Why does mod_security require an ACCEPT HTTP header field?
After some debugging, I found that the core ruleset of mod_security blocks requests that don't have the (optional!) ACCEPT header field.
This is what I find in the logs:
ModSecurity: Warning. Match of "rx ^OPTIONS$" against "REQUEST_METHOD" required. [file "/etc/apache2/conf.d/modsecurity/modsecurity_crs_21_protocol_anomalies.conf"] [line "41"] [id "960015"] [msg "Request Missing an Accept Header"] [severity "CRITICAL"] [tag "PROTOCOL_VIOLATION/MISSING_HEADER"] [hostname "example.com"] [uri "/"] [unique_id "T4F5@H8AAQEAAFU6aPEAAAAL"]
ModSecurity: Access denied with code 400 (phase 2). Match of "rx ^OPTIONS$" against "REQUEST_METHOD" required. [file "/etc/apache2/conf.d/modsecurity/optional_rules/modsecurity_crs_21_protocol_anomalies.conf"] [line "41"] [id "960015"] [msg "Request Missing an Accept Header"] [severity "CRITICAL"] [tag "PROTOCOL_VIOLATION/MISSING_HEADER"] [hostname "example.com"] [uri "/"] [unique_id "T4F5@H8AAQEAAFU6aPEAAAAL"]

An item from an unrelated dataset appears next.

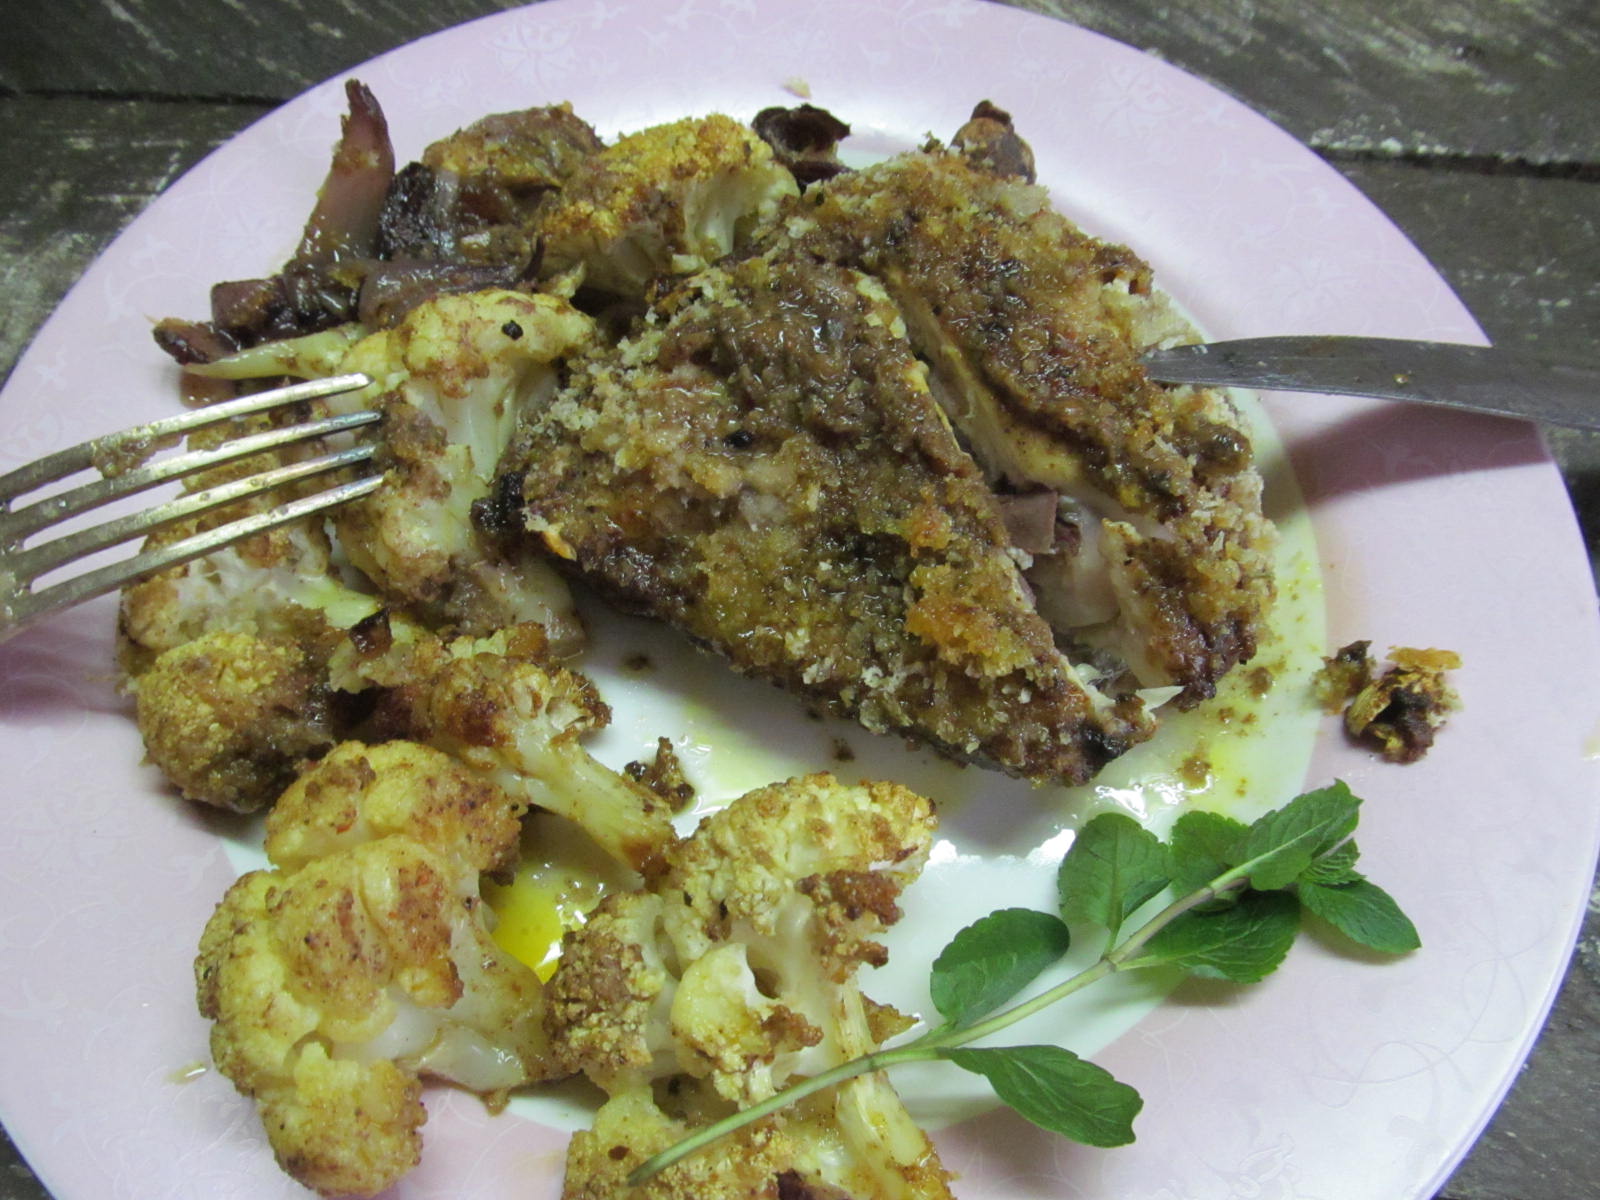 Индийская курица карри: 3 рецепта из Индии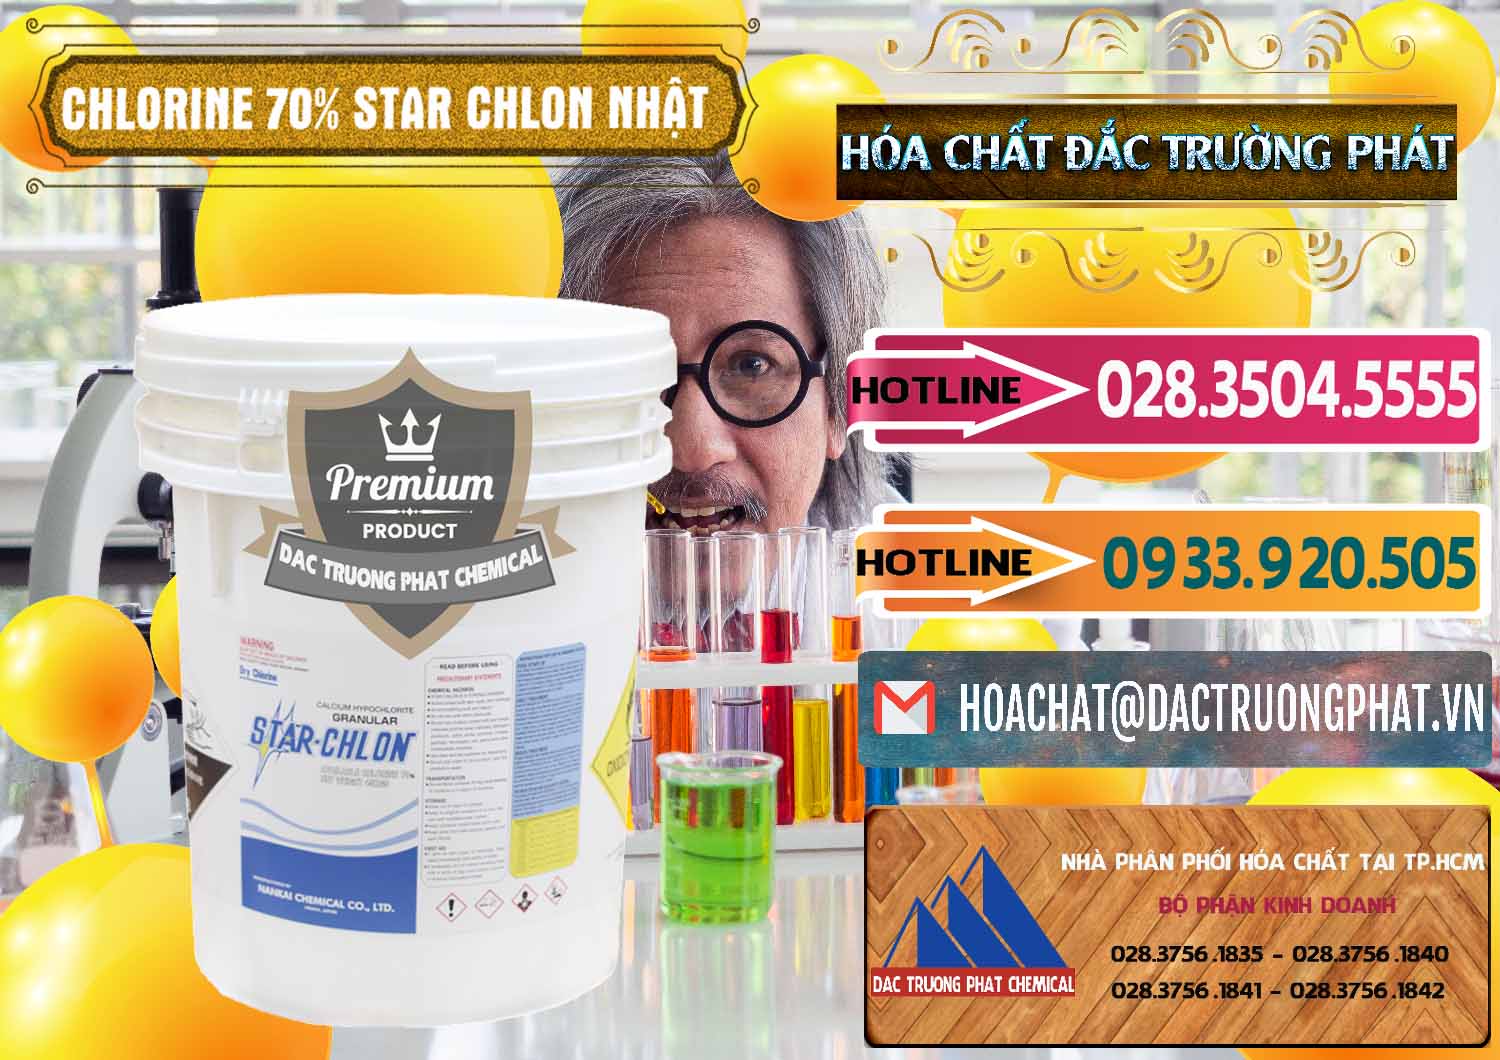 Cty chuyên bán ( cung ứng ) Clorin – Chlorine 70% Star Chlon Nhật Bản Japan - 0243 - Cty cung cấp _ kinh doanh hóa chất tại TP.HCM - dactruongphat.vn

Why is this header required? I understand that "most" clients send these, but why is their absence considered a security threat?
I didn't write these rules but as I understand it, there is a strong correlation between clients that don't include this header and malicious clients and also between clients that do include it and benign clients.
You may find certain bots (for example: Pingdom, HostTracker, UpDowner, magpie-crawler, Yandex, Yodao, MJ12, GigaBot and the LinkedInBot in a quick grep through my logs) that don't send this header however if you combine this with a rule that matches "normal" User-Agents such as Chrome, Firefox, IE, Safari, Opera, etc. then you will be able to avoid blocking those bots.
There are some clients (or possibly a proxy that modifies the headers) that send an accept:
header (and most other headers in lower case). I haven't yet been able to determine whether these are malicious or not, however they all claim to be "Firefox/3.6.8" and have:
Via:HTTP/1.1 silk
X-Forwarded-For:10.161.106.98
or some other 10.x.x.x IP address in their headers... which is suspicious.
RFC 2616 states that the Accept header SHOULD be present in all requests. Note that this isn't an absolute requirement, so a user-agent is still conditionally compliant (as defined in the RFC) if it doesn't send this header.
The rationale for denying requests without an Accept header is that all regular web browsers do send the header, while many bots do not. In practice, though, after seeing millions of requests, some "good" bots don't send the Accept header either. So this rule is not perfect and does generate false positives.